# Hello from Arkansas



## bowcross (Aug 5, 2006)

Welcome to AT from a fellow arkie archer!


----------



## LeftemLeakin (Feb 19, 2007)

Howdy Feller!


where in Arkansas are ya from? Hot Springs here...


----------



## willie7018 (Mar 19, 2007)

hello from newport, welcome to archery talk
willie


----------



## bubbahunts (Feb 26, 2003)

*Welcome*

Welcome to AT you won't find a better bunch of fellows.(period) Archers helping Archers


----------



## rcmjr (Jan 31, 2007)

welcome!


----------



## sbui (May 29, 2006)

*Welcome*

Welcome to AT. Ever need help in NWA just give me a shout.


----------



## firemanmsmith (Jun 28, 2007)

Welcome from Searcy.


----------



## mikel m14 (Jul 24, 2006)

:welcome: to AT and have Fun!

Enjoy Shooting!:archer:


----------



## Tim Roberts (Jul 13, 2002)

:yo: :wave3: Hello and :welcomesign: to Archery Talk Pastor Hoyt.
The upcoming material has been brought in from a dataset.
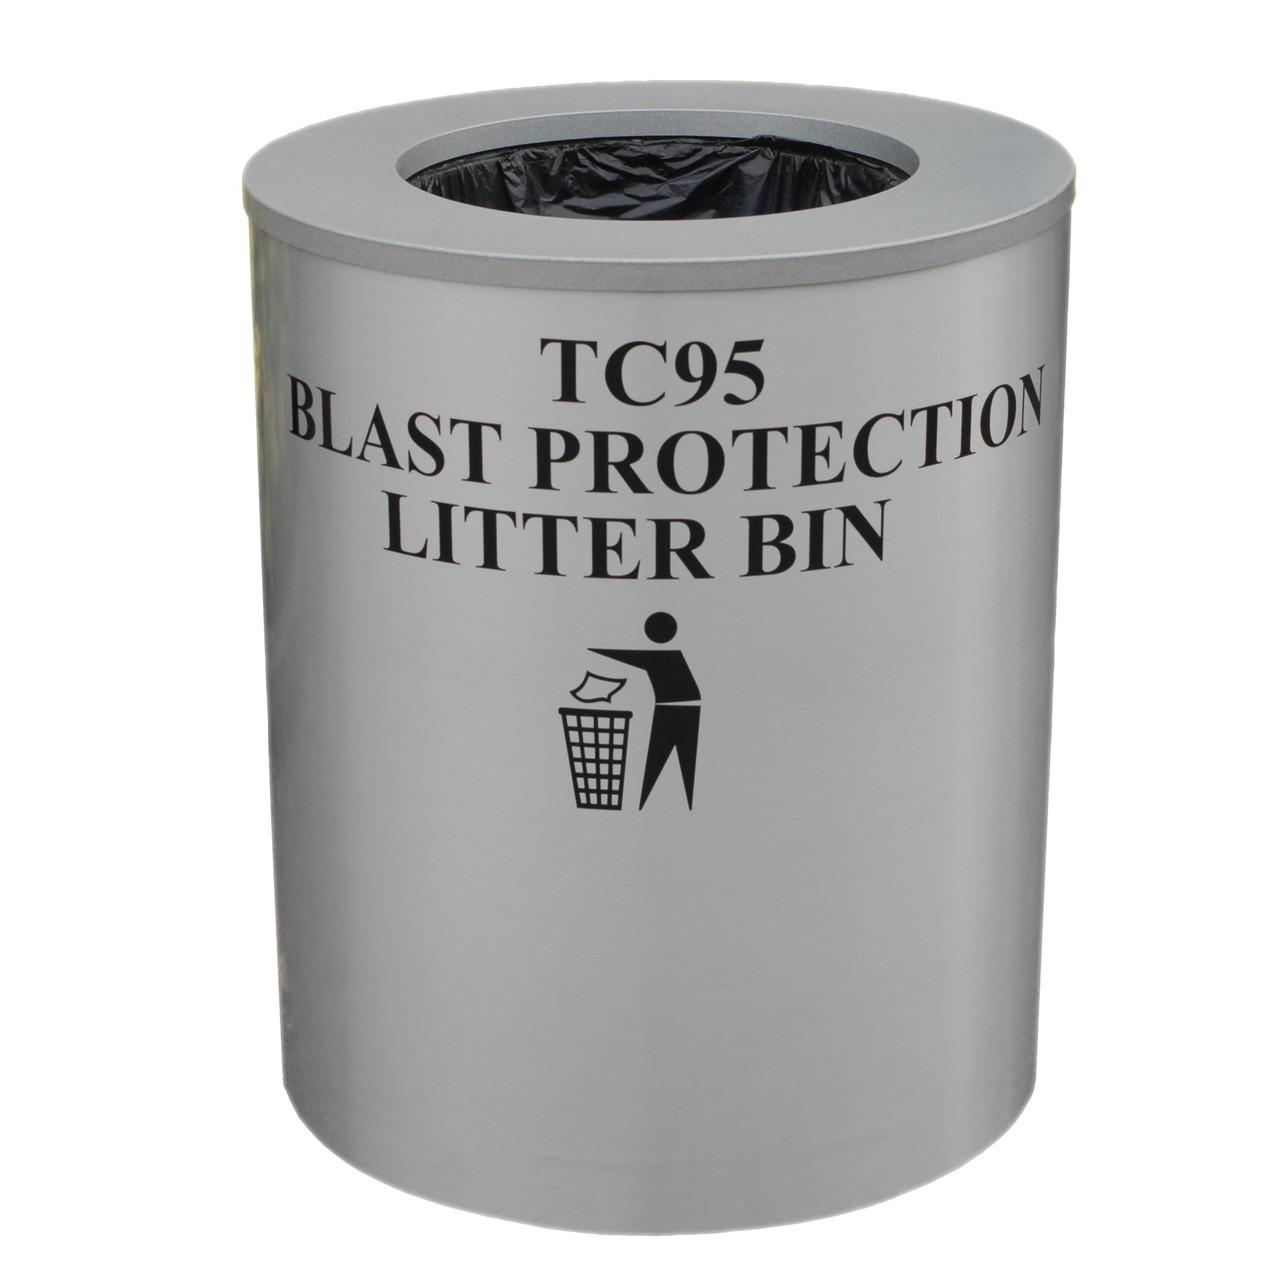 TC95 grey metal blast resistant litter bin

Have fun here.


----------



## Dthbyhoyt (Dec 4, 2004)

:welcome: 2 ArcheryTalk


----------



## Pastor Hoyt (Jul 6, 2007)

Thanks everybody for the nice sayings. Im from Little Rock and love to bow hunt.


----------



## jva54 (Dec 14, 2005)

Welcome to AT!! :wave:


----------



## swampfrogg (Jun 29, 2007)

welcome


----------



## joebowman (Jun 2, 2007)

Hey, welcome from a fellow Arkansan. This is a great forum. You will enjoy it.


----------



## LostHawg (Feb 17, 2005)

Welcome.


----------



## TED WILLIAMS (Jun 13, 2006)

*Hello from Mississippi*

hello from across the mighty mississippi river and alittle south. there is a big shoot this weekend near you in pine bluff, are you going to shoot the ben pearson this saturday or sunday? alot from mississippi is coming over there. hopefully shoot good and win a door prize.


----------



## Buckums (Jun 9, 2006)

*howdy*

howdy from Maumelle, AR


----------



## DRT (Jul 9, 2007)

Today must be the day for Arkansas boys i just joined today also. Hello from Crittenden County.


----------



## Takeum (Jul 22, 2005)

Howdy from cross the river.... memphis here>>>>> Go Hogs!!!!


----------



## SIMPLEARKANSAN (Jul 24, 2003)

Welcome, I'm not too far from you. You shoot any of the local 3D tournaments?


----------



## Ridge Buster (Oct 26, 2006)

Howdy, Its nice to see more Arkansas people on here! Have fun:welcome:


----------



## Razoo97 (Oct 24, 2006)

*Welcome!!*

To the site,,,it's great!! Waldron, AR here.


----------



## Bojack (Nov 28, 2006)

*another Arkansan*

Welcome Pastor Hoyt, I'm from Camden, a couple hours south of ya.


----------



## Hogs45 (Apr 9, 2007)

*Fayetteville AR*

Displaced from my roots in Arkansas county but its all good. AT is an awesome spot. I just joined not long ago too. Welcome from another newcomer! TK


----------



## chief razor (Apr 29, 2006)

Hello, welcome to ArcheryTalk!


----------



## tylerolsen12 (Feb 8, 2007)

welcome to the best place in archery


----------